Differential diagnosis of orthostatic hypotension

Abstract

Orthostatic hypotension (OH) is a common clinical manifestation characterized by a significant fall in blood pressure with postural change and is frequently accompanied by debilitating symptoms of orthostatic intolerance. The reported prevalence of OH ranges between 5 and 10% in middle-aged adults with a burden that increases concomitantly with age; in those over 60 years of age, the prevalence is estimated to be over 20%. Unfortunately, the clinical course of OH is not necessarily benign. OH patients are at an increased risk of adverse clinical outcomes including death, falls, cardiovascular and cerebrovascular events, syncope, and impaired quality of life. The differential diagnosis of OH is broad and includes acute precipitants as well as chronic underlying medical conditions, especially of neurological origin. Appropriate diagnosis relies on a systematic history and physical examination with particular attention to orthostatic vital signs, keeping in mind that ambient conditions during diagnostic testing may affect OH detection due to factors such as diurnal variation.

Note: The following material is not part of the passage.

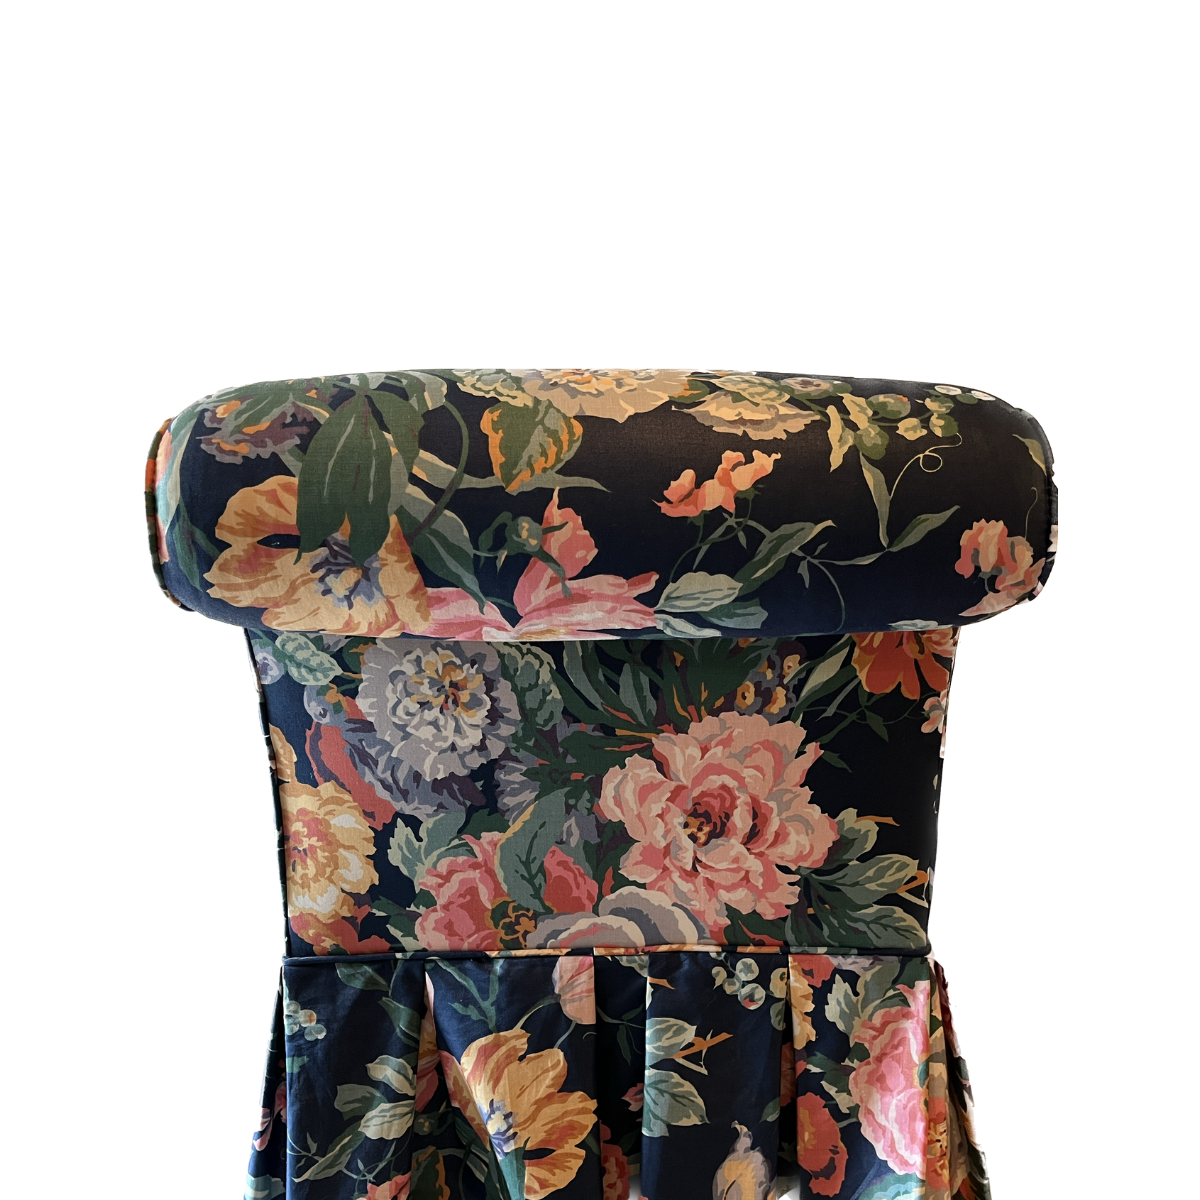 Skirted Rose-Patterned Chintz Bench

Keywords: Delayed orthostatic hypotension; Initial orthostatic hypotension; Neurogenic orthostatic hypotension; Orthostatic hypotension; Postural orthostatic tachycardia syndrome; Vasovagal syncope.

Figure 1.

Representative blood pressure and heart rate responses to postural change from supine to active stand in (A) classical orthostatic hypotension, (B) delayed orthostatic hypotension, (C) initial orthostatic hypotension, (D) vasovagal syncope, and (E) postural tachycardia syndrome.

Figure 2.

Representative blood pressure (BP) and heart rate (HR) tracings during the Valsalva maneuver in (A) healthy subjects and (B) patients with neurogenic orthostatic hypotension. The Valsalva maneuver is used to evaluate the sympathetic and parasympathetic responses of the baroreflex as an individual forcibly exhales at maximum pressure (~40 mmHg) for 15 seconds. Those with intact autonomic nervous system function are expected to exhibit a specific pattern of physiological responses to the Valsalva maneuver that can be divided into four phases: (I) the mechanical increase in intrathoracic pressure causes a brief increase in BP and decrease in HR; (II, early) the reduction in venous return causes a decrease in stroke volume and BP; (II, late) the baroreflex is activated by the decrease in BP, causing a sympathetically-mediated increase in BP and HR; (III) the pulmonary vascular refills with blood upon termination of the Valsalva maneuver, causing a decrease in BP; (IV) the sudden increase in venous return leads to a compensatory decrease in HR and increase in BP that overshoots baseline BP due to residual sympathetic activity. In patients with impaired autonomic function, as in neurogenic orthostatic hypotension, there is a lack of late phase II BP increase and BP overshoot in phase IV recovery.